Wiedereingliederung in den Betrieb nach psychischen Krisen

Der Erfolg eines Wiedereingliederungsprozesses nach einer psychischen Krise wird vor allem davon beeinflusst, wie im Unternehmen mit psychischen Erkrankungen umgegangen wird. So die Überzeugung eines Forschungsteams der Bundesanstalt für Arbeitsschutz und Arbeitsmedizin (BAuA), das zur nachhaltigen Gestaltung eines Wiedereingliederungsprozesses ein Vier-Phasen-Modell konzipiert und darauf aufbauend einen Praxisleitfaden entwickelt hat. Dabei fängt das Wiedereingliederungsmanagement deutlich vor der tatsächlichen Rückkehr des Betroffenen in den Betrieb an. Abgesehen von der Einstellung des Unternehmens zu psychischen Erkrankungen ihrer Beschäftigten, hängen die Erfolgschancen einer Wiedereingliederung auch vom Wissen der Führungskräfte und Mitarbeitenden über psychische Erkrankungen ab. Dieses kann durch Fortbildungen effektiv gefördert werden.

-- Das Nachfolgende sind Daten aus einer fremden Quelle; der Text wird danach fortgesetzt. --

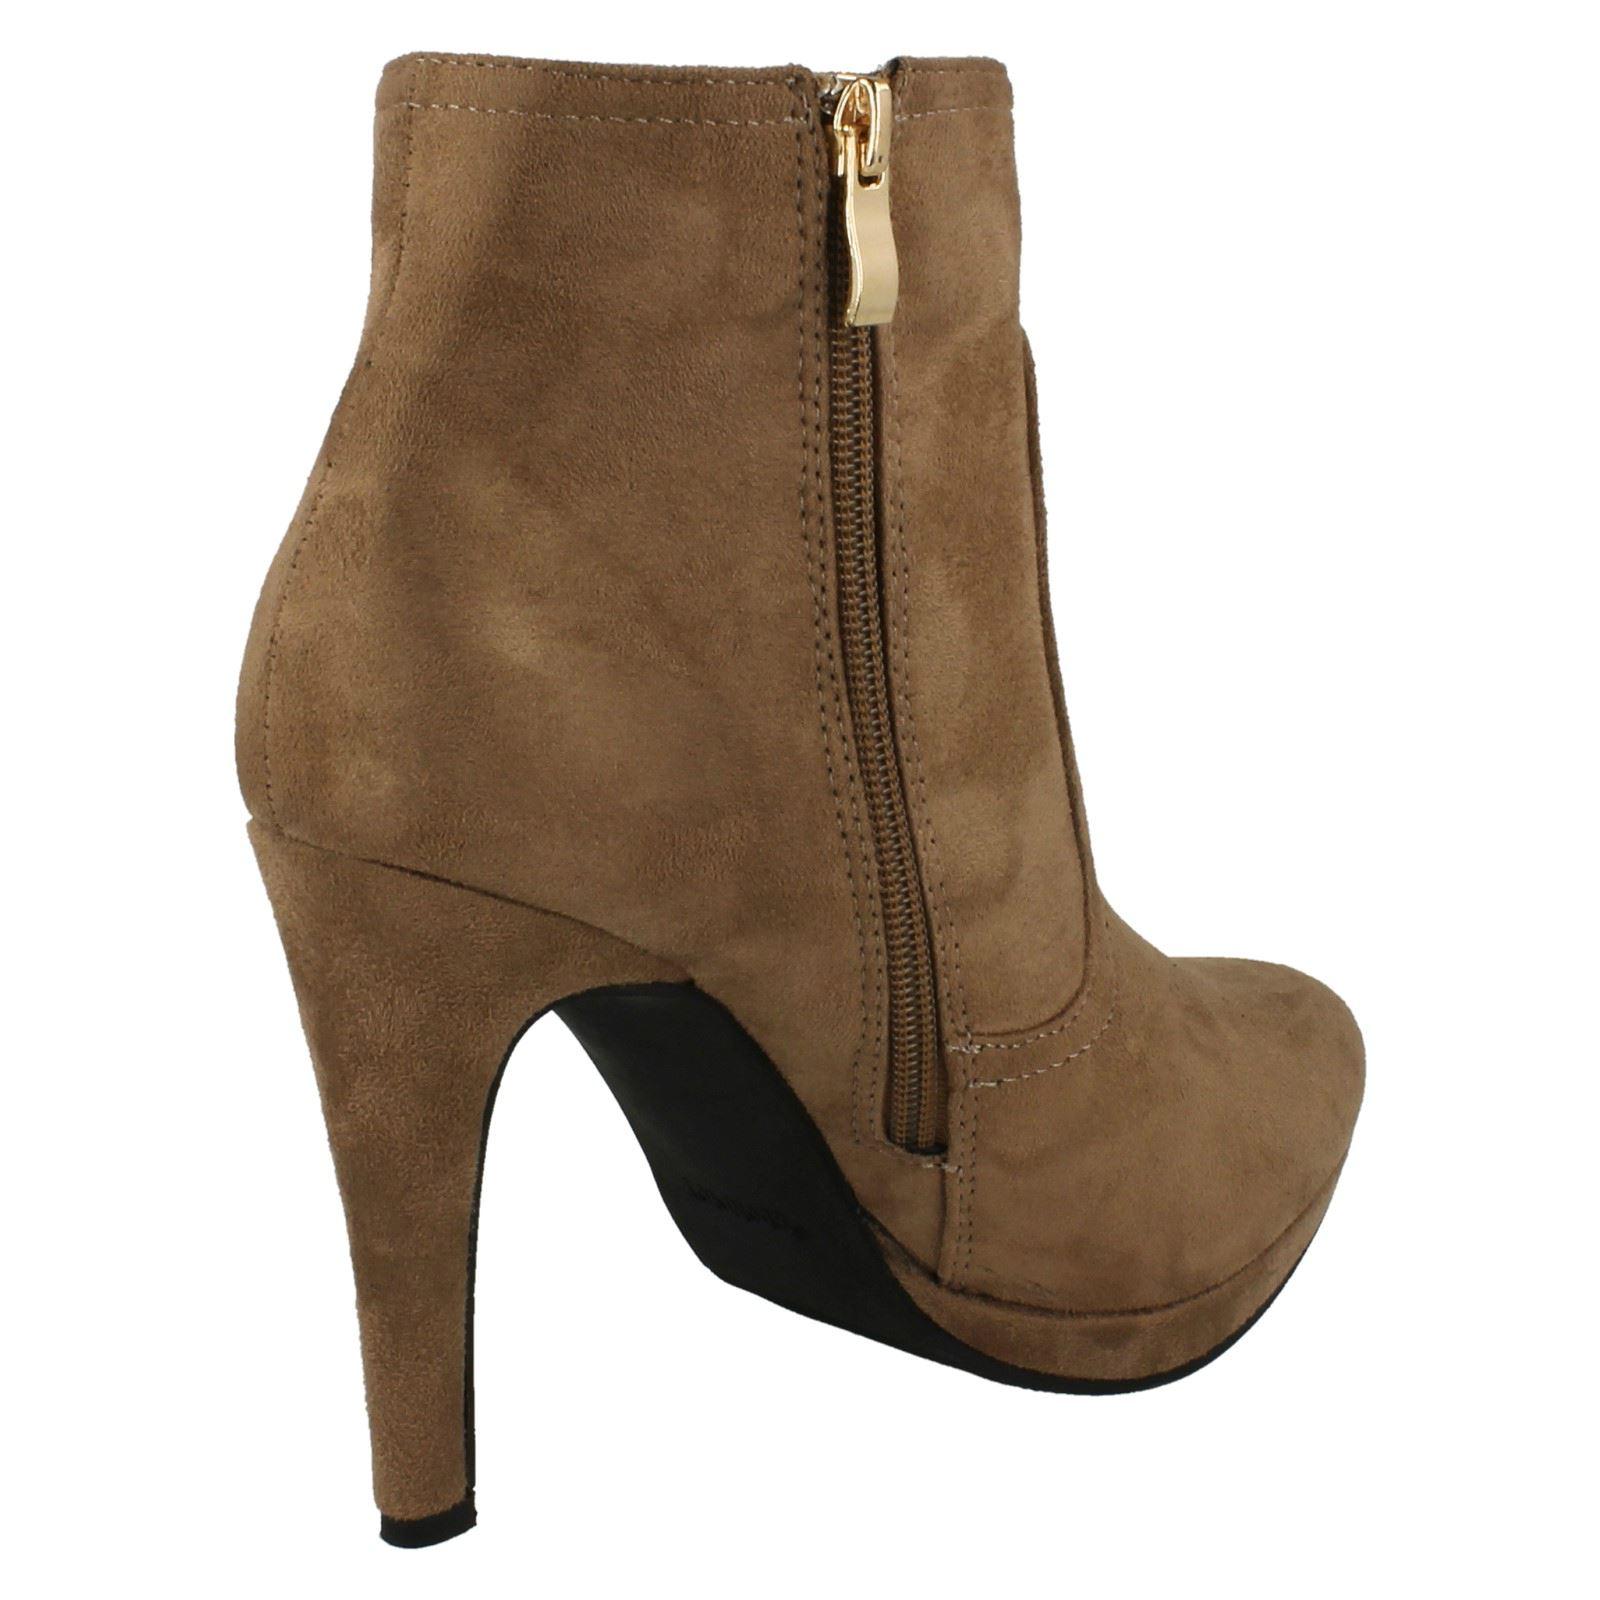 spot on slim heel ankle boots style 679 ebay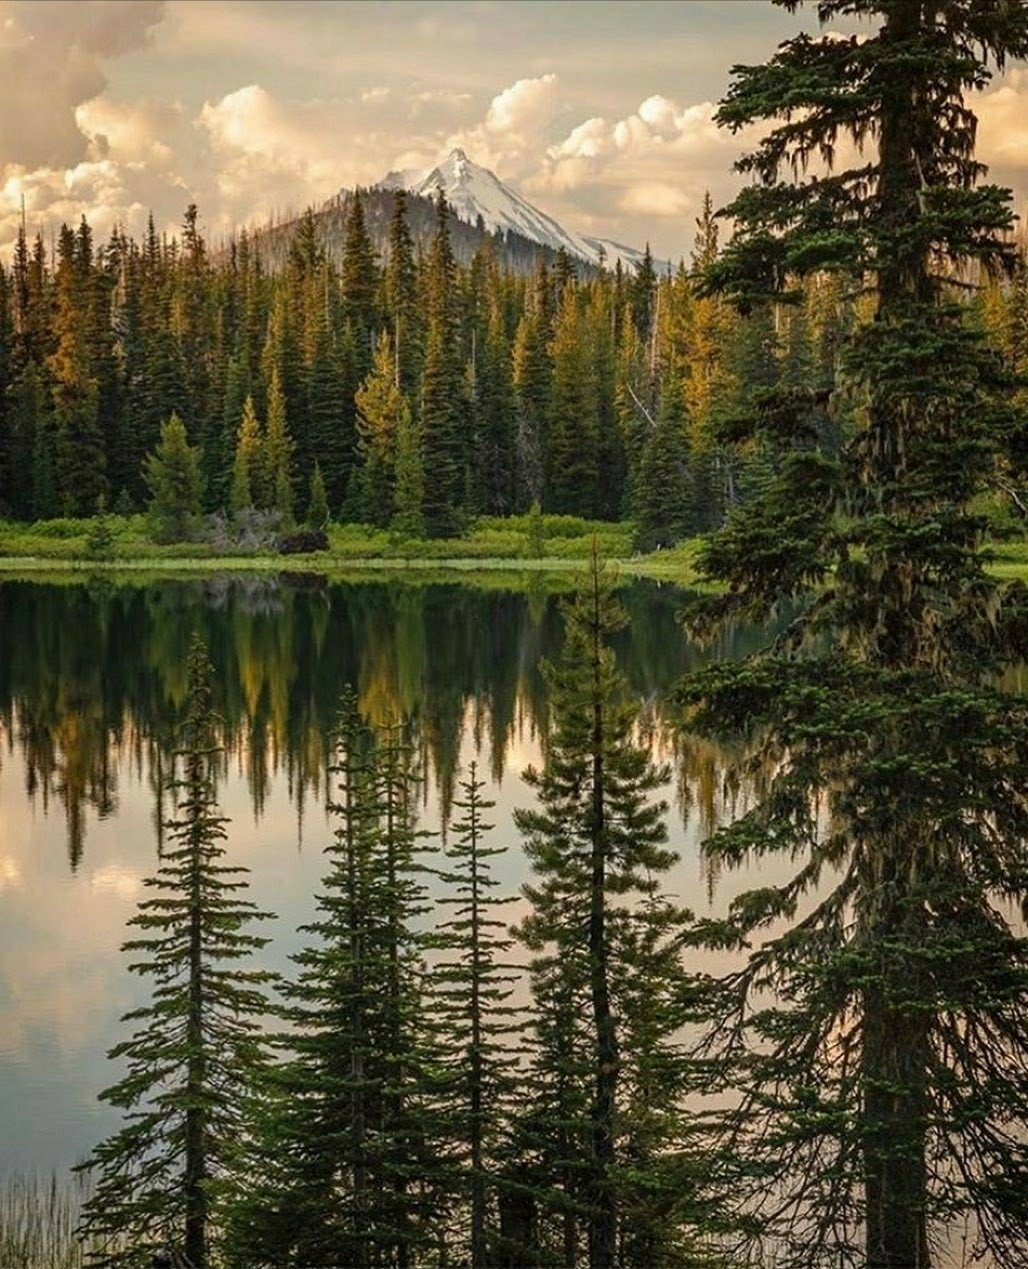 Mount Jefferson Wilderness

Wiedereingliederung in 4 Phasen
Die Forscher haben auf Grundlage von 2 qualitativen Studien ein Vier-Phasen-Modell entwickelt. In der ersten Studie wurden 20 Experten (Betriebsärzte, Psychologen etc.) interviewt und Gemeinsamkeiten und Unterschiede in deren unterschiedlichen Herangehensweise und Strategien bei einer Wiedereingliederung herausgearbeitet. In der zweiten Studie wurden 32 zurückkehrende Beschäftigte zu ihrem Erleben, Verhalten und Handeln in der psychischen Krise und während des Wiedereingliederungsprozesses befragt. Dabei wurden Interviews zu 3 Zeitpunkten geführt: nach einem Klinikaufenthalt aufgrund einer psychischen Krise, ein halbes und ein Jahr später. Die Aussagen der Betroffenen wurden untereinander und mit den Ergebnissen der ersten Studie verglichen.
Phase 1: Vorbereitende Gespräche
Was zeichnet nun jede Phase des Modells aus? Im Mittelpunkt der ersten Phase stehen vertrauliche Vier-Augen-Gespräche zwischen den zurückkehrenden Beschäftigten und den für die Wiedereingliederung verantwortlichen Personen im Unternehmen. Sie dienen dazu, sich ein Bild über die individuellen, sozialen und betrieblichen Anforderungen der Wiedereingliederung zu machen sowie das Selbstmanagement der Zurückkehrenden zu unterstützen. Grundsätzlich soll geklärt werden, welche Voraussetzungen erfüllt sein sollten, damit die betroffenen Personen die Voraussetzungen im Betrieb vorfinden, die ihnen individuell besonders entgegenkommen.
Phase 2: Festlegung von Maßnahmen
Im zweiten Schritt legen die betroffenen Beschäftigten und die betrieblichen Verantwortlichen die genauen Maßnahmen vor und während der betrieblichen Wiedereingliederung fest. Dabei sollten Maßnahmen so konzipiert sein, dass sie eine Über- als auch einer Unterforderung der Beschäftigten vermeiden.
Phase 3: Beginn der Arbeitsaufnahme
Erst in dieser Phase kehren die Beschäftigten in den Betrieb zurück. Bei der Umsetzung der Maßnahmen muss darauf geachtet werden, dass alle Personen im Umfeld der Arbeitsplätze der Rückkehrer die Maßnahmen unterstützen und betroffene Kollegen und Kolleginnen helfen, potenzielle Ängste und Unsicherheiten zu überwinden. Es ist besonders hilfreich Betroffenen persönliche Helfer („Paten“) zur Seite zu stellen, beispielsweise ein befreundeter Kollege.
Phase 4: Anpassung der Maßnahmen
Sind die Maßnahmen angelaufen, müssen sie kontinuierlich überprüft werden. Welche Verbesserungen und Nachjustierungen können noch gemacht werden? Es ist besonders wichtig, darauf zu achten, ob sich Anzeichen von Über- oder Unterforderung zeigen. Dementsprechend sind Anpassungen der Maßnahmen notwendig. Wichtig ist außerdem, dass die betroffenen Beschäftigten an Präventionsangeboten im Rahmen des betrieblichen Gesundheitsmanagements teilnehmen. Idealerweise werden im Unternehmen neue Angebote geschaffen, die sich speziell nach den Bedürfnissen psychisch erkrankter Menschen richten.
Quelle: Ute B. Schröder, Ralf Stegmann, Uta Wegewitz: Return to Work nach psychischen Krisen: Das Vier-Phasen-Modell der Wiedereingliederung, in: ASU. Zeitschrift für medizinische Prävention, 9/2023.